Он смеется и сам читает вслух надпись.
— Араб? Вот уж никогда бы не подумал. Я знал одного верблюда, которого звали Абдула, но этим верблюдом был Балибу. Мой дядя не хозяин лавки, он какой-то там секретарь. Так что Абдула — это не он.
— Зайдем к нему? Он со мной бывает очень добрым, когда никого вокруг нет, я ведь тебе рассказывала…
— Я сегодня не пришел к обеду, представляешь, что тетка ему наговорила! И потом, мы с ним вчера поссорились — он не хотел отвечать на мои вопросы. Вот я и решил убежать с такой страшилой, как ты.
— А-а, боишься!
Она тащит его на другую сторону улицы и в восторге застывает перед давно не мытой витриной, где выставлены большие прозрачные кувшины причудливой формы, наполненные порошками и зернами всех цветов радуги.
— Давай зайдем. Представляешь, как там пахнет? А при мне он тебе ничего не сделает.
— Ты что, думаешь, я его и правда боюсь? Еще чего! Пошли!
Они попадают в длинную темную комнату, где пахнет лишь затхлостью и пылью; в самом ее конце за высоким деревянным барьером стоят столы, за ними сидят люди, склонив головы под лампами, свисающими с потолка. Джейн сейчас же направляется к кувшинам, но они задвинуты в глубину витрины — ей до них не дотянуться. Она шумно втягивает носом воздух и кривит губы.
— Пахнет тут только горчицей и перцем. Чтобы торговать ими, вовсе не надо быть арабом. Так где же твой дядя?
— Понятия не имею.

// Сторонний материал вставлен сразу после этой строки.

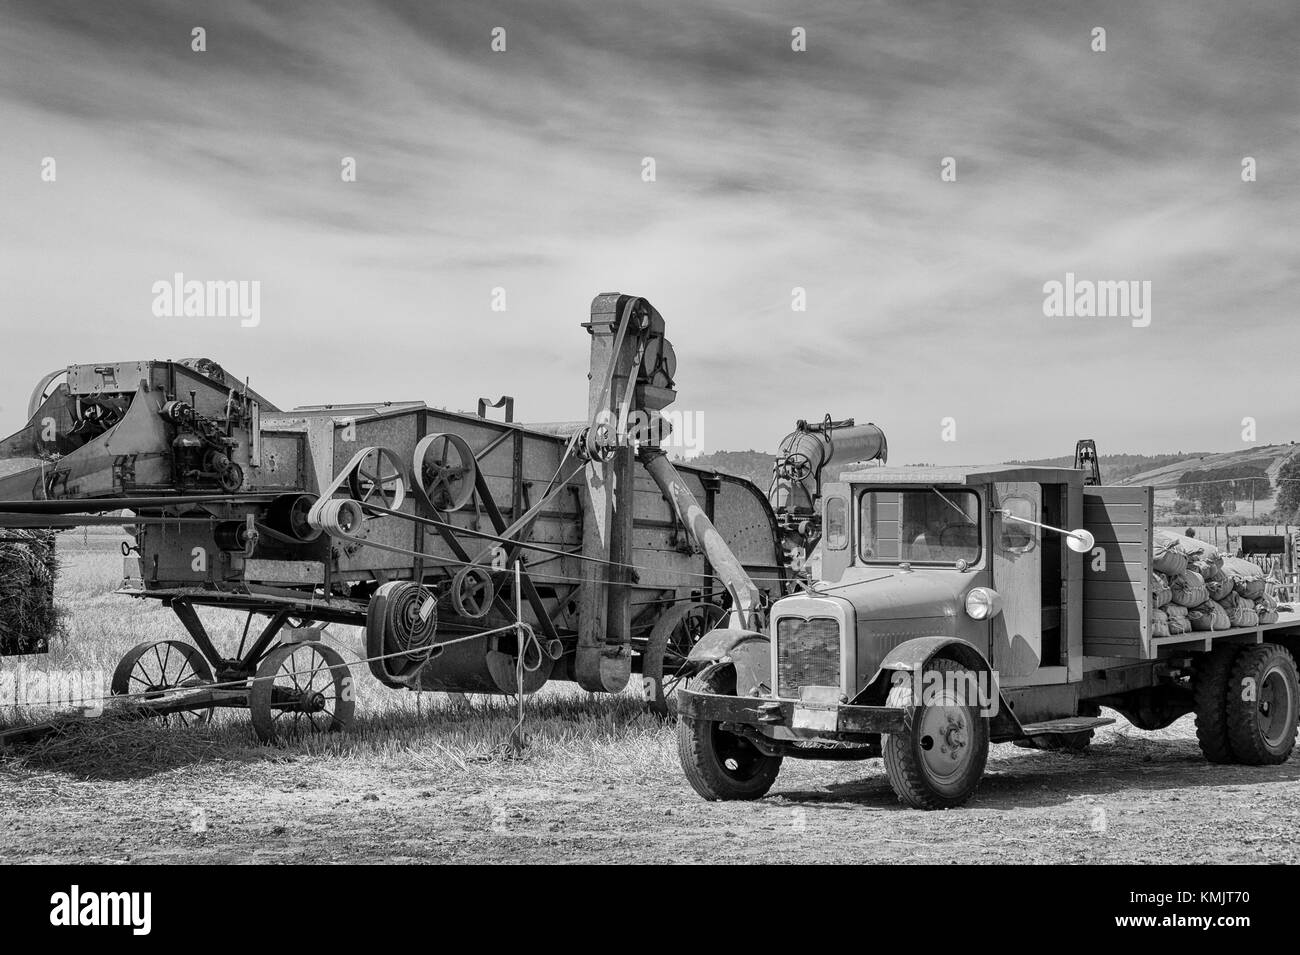 McMinnville, Oregon, USA - August 13, 2016:  Black and white of an old flat bed truck parked by an old grain harvester. Stock Photo
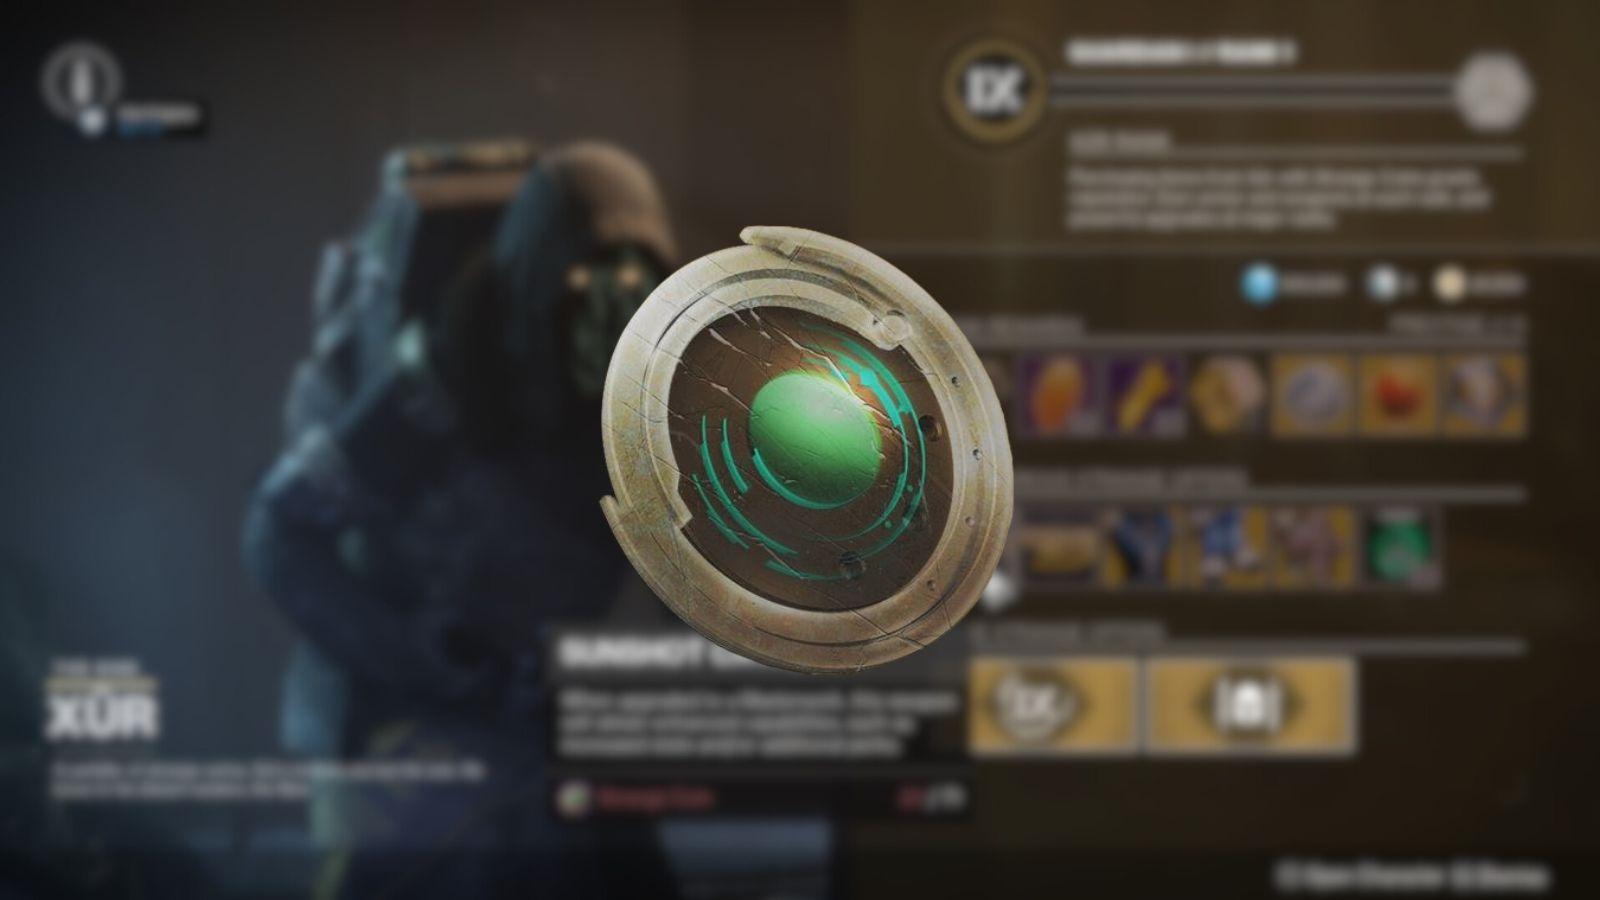 A Strange Coin on the Xur storefront background

Наверное, там, за барьером.
Он совершенно убит этим мрачным магазином, где не вытирали пыль, наверное, тысячу лет. Образ дяди совсем тускнеет в его глазах. Чем может здесь заниматься образованный человек? И неужели у хозяина такого вот сарая сын — полковник на фронте? Дядя, конечно, все выдумал, а тетки просто никогда сюда не заглядывали.
Джейн храбро подходит к барьеру, и вид у нее такой, будто она всю жизнь только и делает, что покупает перец и горчицу. Он плетется следом, мечтая увидеть хоть картинку с верблюдом, если уж нет больше ничего диковинного в этом заведении, где все спит вечным сном. И когда он становится рядом с ней у барьера, тоже ничего не происходит. Никто даже не шелохнулся.
— Где же он? Да позови ты его!
Он поднимается на цыпочки и с изумлением узнает дядю: значит, вот он каков на самом деле, когда ни он, ни тетки его не видят, теперь понятно, почему у него нет гонора.
— Кости кукушки в лягушке… — вот что ему хочется крикнуть в самый последний раз, потому что теперь он уже не верит в свое волшебное заклинание, просто это глупая выдумка сопливого ублюдка, который только и умеет, что играть словами, — ведь дядя оказался толстым господинчиком в козырьке и нарукавниках, как две капли воды похожим на всех остальных; дядин авторитет разбивается вдребезги, а вместе с ним рушится и все вокруг, и, как ни крути, приходится смириться и с этим последним разочарованием — впрочем, он ждал чего-то в этом роде с той самой минуты, как вышел на волю; так змея с молниеносной быстротой скользит в высокой траве и вдруг оказывается на огромном голом камне, и спрятаться ей некуда.
Пять или шесть совершенно одинаковых дядей в нарукавниках застыли по ту сторону барьера под низко висящими лампами; перед ними огромные книги, чернильницы, ручки — словно они все еще школьники, которых забыли выпустить из класса, и за эти долгие годы они успели поседеть, так и не дождавшись звонка на перемену. Заговорить сейчас с кем-нибудь из них — все равно что снять со стены картину, которую не трогали уже много-много лет; сними ее — и стены вокруг покажутся совсем серыми, мрачными и грязными.